Infoblox BloxOne DDI Reviews

I am currently working with ServiceNow, and I use Infoblox BloxOne DDI for managing DHCP and DNS services. I can add, modify, or delete DNS services or DDI devices and manage all the devices within Infoblox BloxOne DDI. It primarily helps me manage the devices giving IPs to others on the network.

The most valuable features of Infoblox BloxOne DDI are its ability to manage all DDI services effectively and monitor them in real-time. If any DDI service goes down, it is easily detectable on the platform. I can also raise tickets with our L3 team for troubleshooting, which streamlines operations. Additionally, the ease of creating fixed IPs and containers for subnet management across different devices enhances its functionality.

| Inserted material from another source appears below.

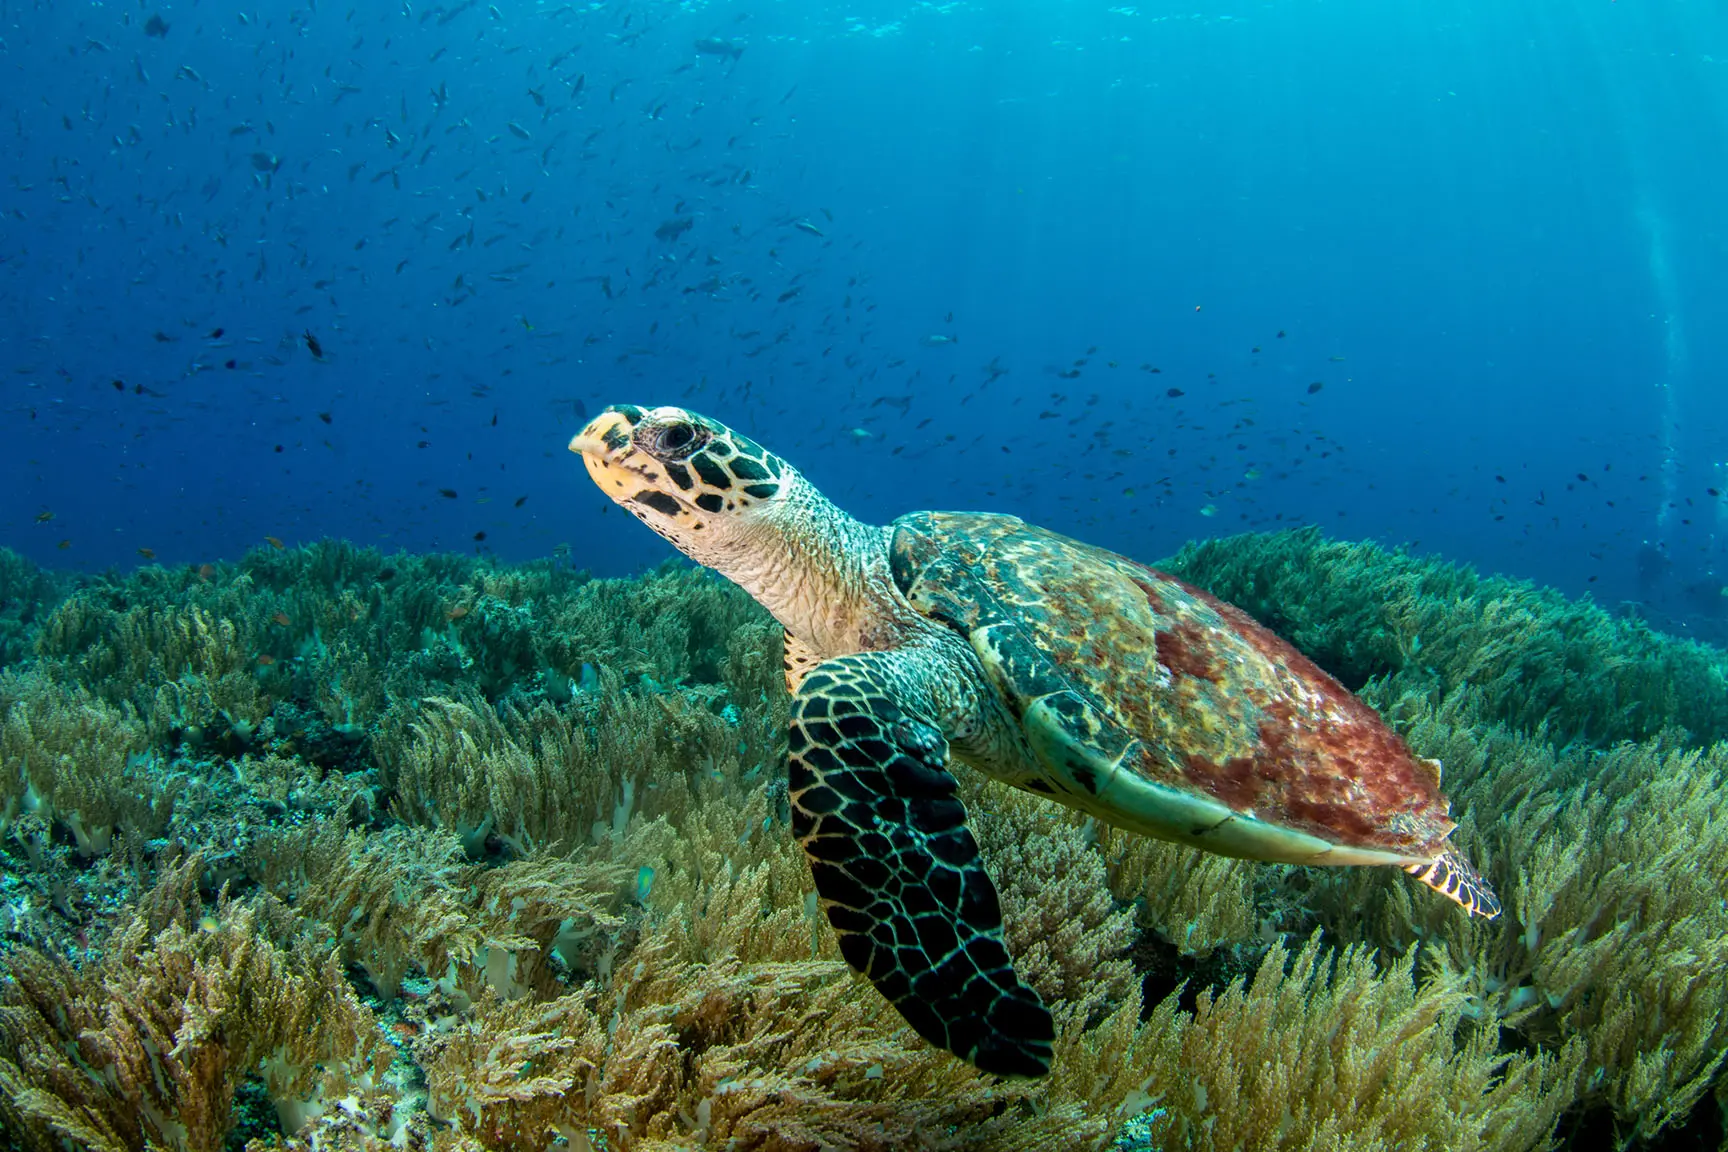 A Critically Endangered Hawksbill Sea Turtle (Eretmochelys imbricata) rests on an algae bed in the Coral Sea off Papua Burat, Indonesia.
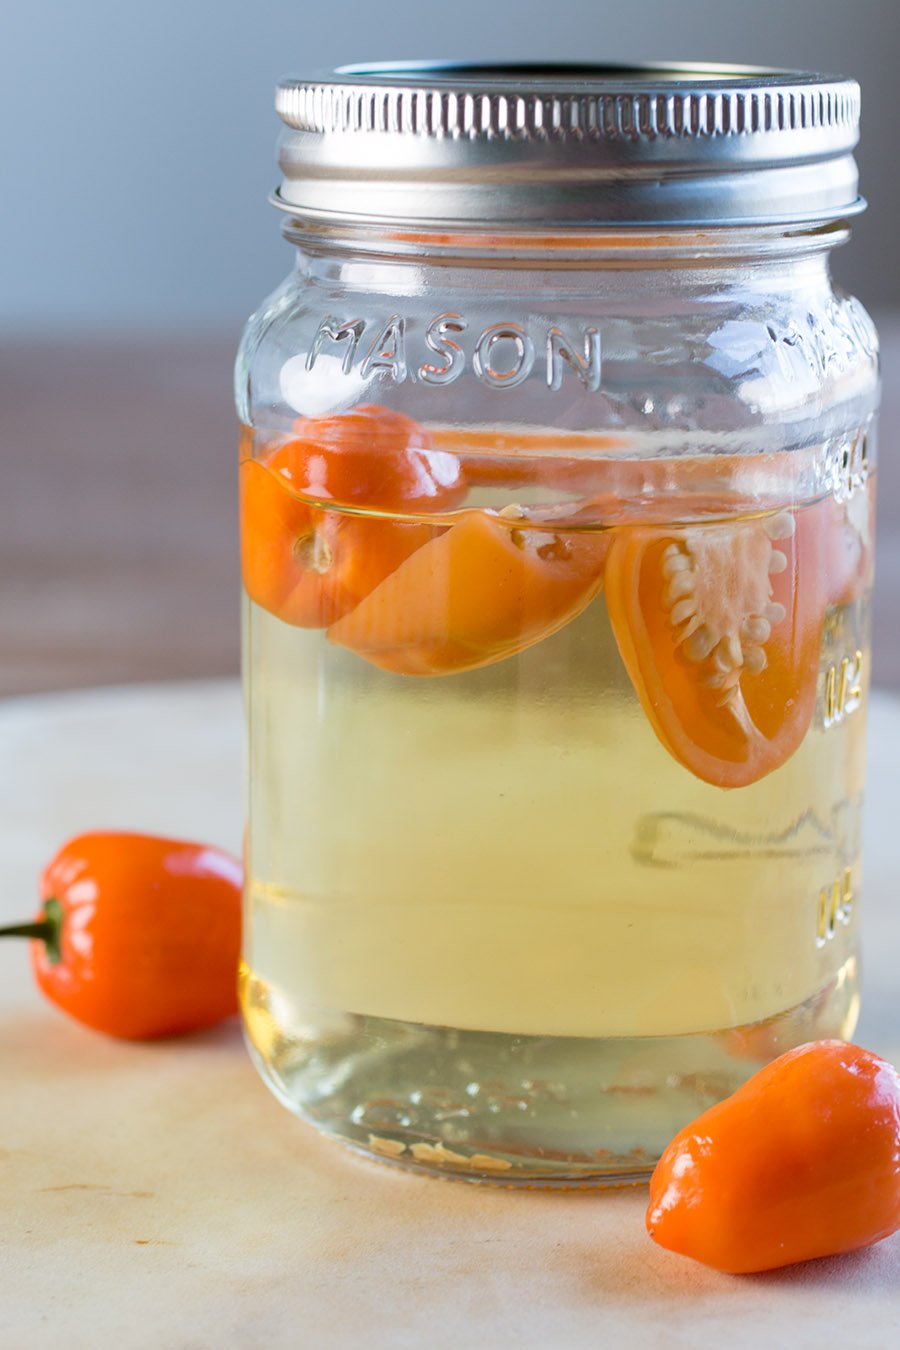 Habanero Infused Moonshine looking absolutely stunning.

We use our Infoblox DDI platform for everything: IPAM management, DNS, DHCP, and DNS firewall functionality with their BloxOne Threat Defense cloud. 

We see DNS as the first layer of defense, so we use all the features the platform offers. We do not have DNS and DHCP in our Windows environment anymore.

For network efficiency, having IPAM and DNS together provides a singular view of the network. We know what is active and what is registered in your DNS. We can manage external and internal DNS together on the same platform. 

The integrated view using IPAM and DNS is much simpler because Microsoft AD doesn't offer IPAM. It offers DNS, and it's scattered. This is the reason I like the power of the tool. 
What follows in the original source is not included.